Por fin mis manos extendidas tocaron un obstáculo sólido. Era una pared, al parecer de piedra, muy lisa, viscosa y fría. Me puse a seguirla, avanzando con toda la desconfianza que antiguos relatos me habían inspirado. Pero esto no me daba la oportunidad de conocer las dimensiones de mi calabozo, ya que daría toda la vuelta y volvería al punto de partida sin darme cuenta, por lo uniforme y lisa que parecía la pared. Por eso busqué el cuchillo que llevaba en mi bolsillo cuando me condujeron a la cámara inquisitorial, pero había desaparecido; mis ropas habían sido cambiadas por un sayo de burda estameña. Había pensado meter la hoja en alguna pequeña fisura de la mampostería para fijar mi punto de partida. La dificultad, sin embargo, no tenía importancia, aunque en el desorden de mi fantasía al principio me pareció insuperable. Arranqué al fin un trozo del borde del sayo y lo coloqué bien extendido y en ángulo recto con respecto a la pared. Al tentar toda la superficie mientras daba la vuelta a mi celda, encontraría así el trapo una vez concluido el recorrido. Esto es lo que, al menos, pensé, pero no había contado con el tamaño del calabozo ni con mi propia debilidad. El suelo estaba húmedo y resbaladizo. Avancé, tambaleándome, un trecho, pero tropecé y caí. El excesivo cansancio me indujo a permanecer postrado y el sueño no tardó en dominarme.
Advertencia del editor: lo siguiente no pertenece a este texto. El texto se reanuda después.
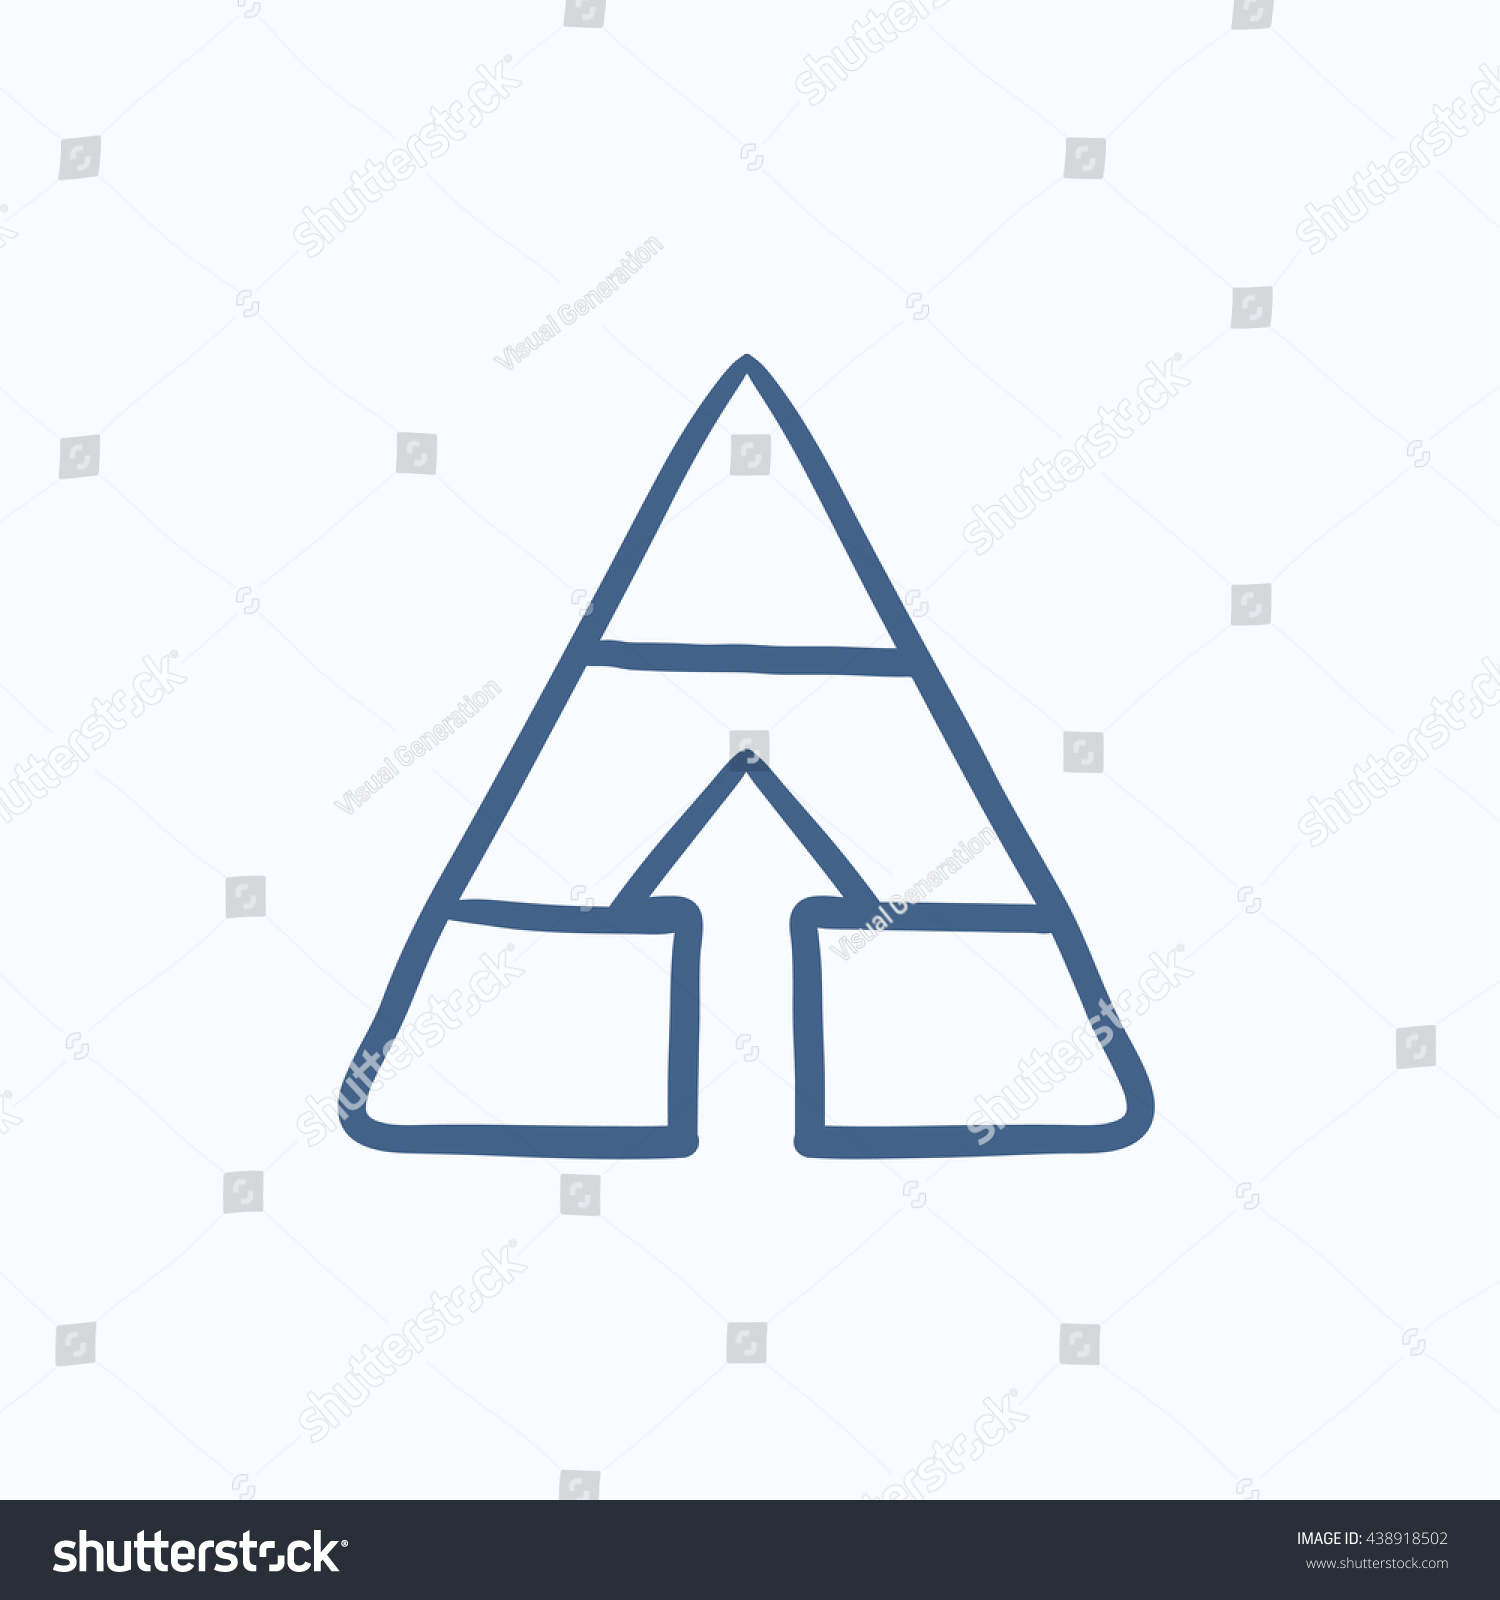 Pyramid Arrow Vector Sketch Icon Isolated Stock Vector 438918502 ...
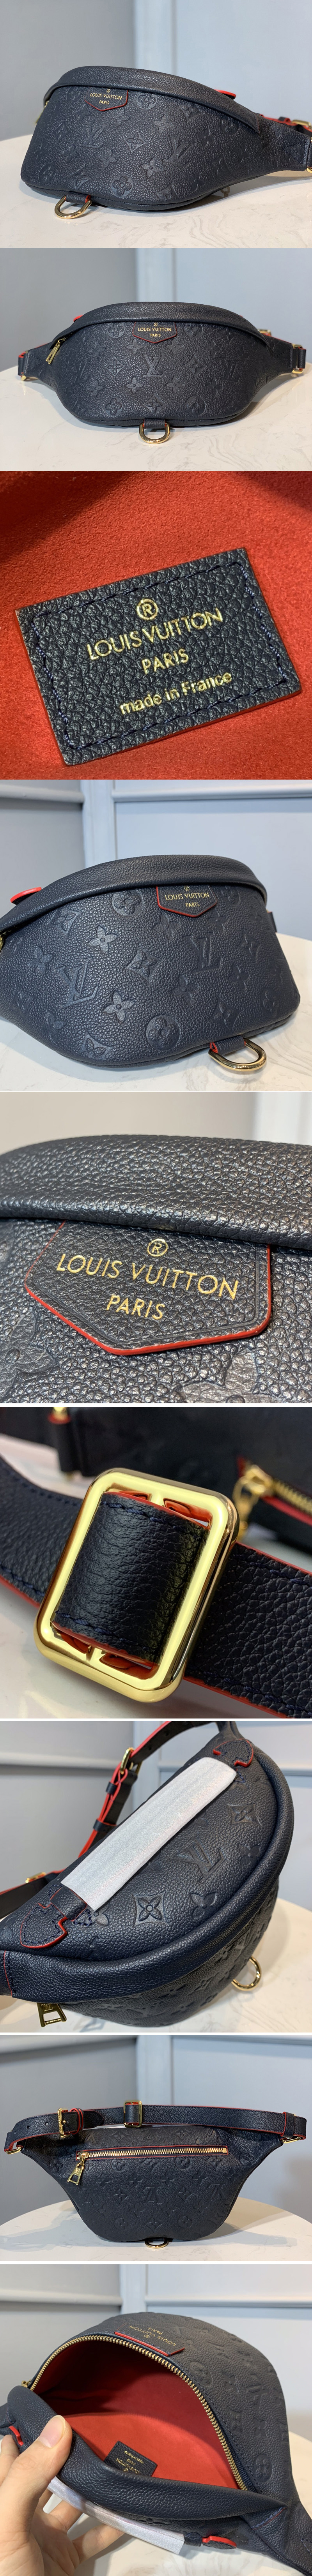 LOUIS VUITTON M44812 Monogram Empreinte BumBag Body Bag Leather

Al despertar y extender un brazo, encontré junto a mí un pan y un jarro de agua. Estaba demasiado agotado para reflexionar sobre esto, pero comí y bebí con muchas ganas. Poco después reanudé mi vuelta al calabozo, y con mucho esfuerzo llegué por fin al trozo de estameña. Hasta el momento en que caí había contado cincuenta y dos pasos, y al reanudar la vuelta otros cuarenta y ocho más antes de llegar al trapo. Había, pues, un total de cien pasos. Calculando una yarda por cada dos pasos, llegué a la conclusión de que el calabozo tenía un perímetro de cincuenta yardas. Sin embargo, había encontrado muchos ángulos en la pared y por eso no pude adivinar la forma exacta de la cripta; la llamo así porque no podía dejar de suponer que fuera una cripta.
Poca finalidad- y en realidad ninguna esperanza- tenían estas investigaciones, pero una vaga curiosidad me impulsaba a continuarlas. Apartándome de la pared decidí cruzar el calabozo por uno de sus diámetros. Al principio avancé con mucha precaución, pues, aunque el suelo parecía de un material sólido, resultaba peligrosamente resbaladizo por el limo acumulado. Por fin, cobré ánimo y no vacilé en dar pasos firmes, tratando de cruzar en una línea lo más recta posible. Había avanzado unos diez o doce pasos así cuando se me enredó en las piernas el trozo cortado del sayo. Lo pisé y caí violentamente de bruces.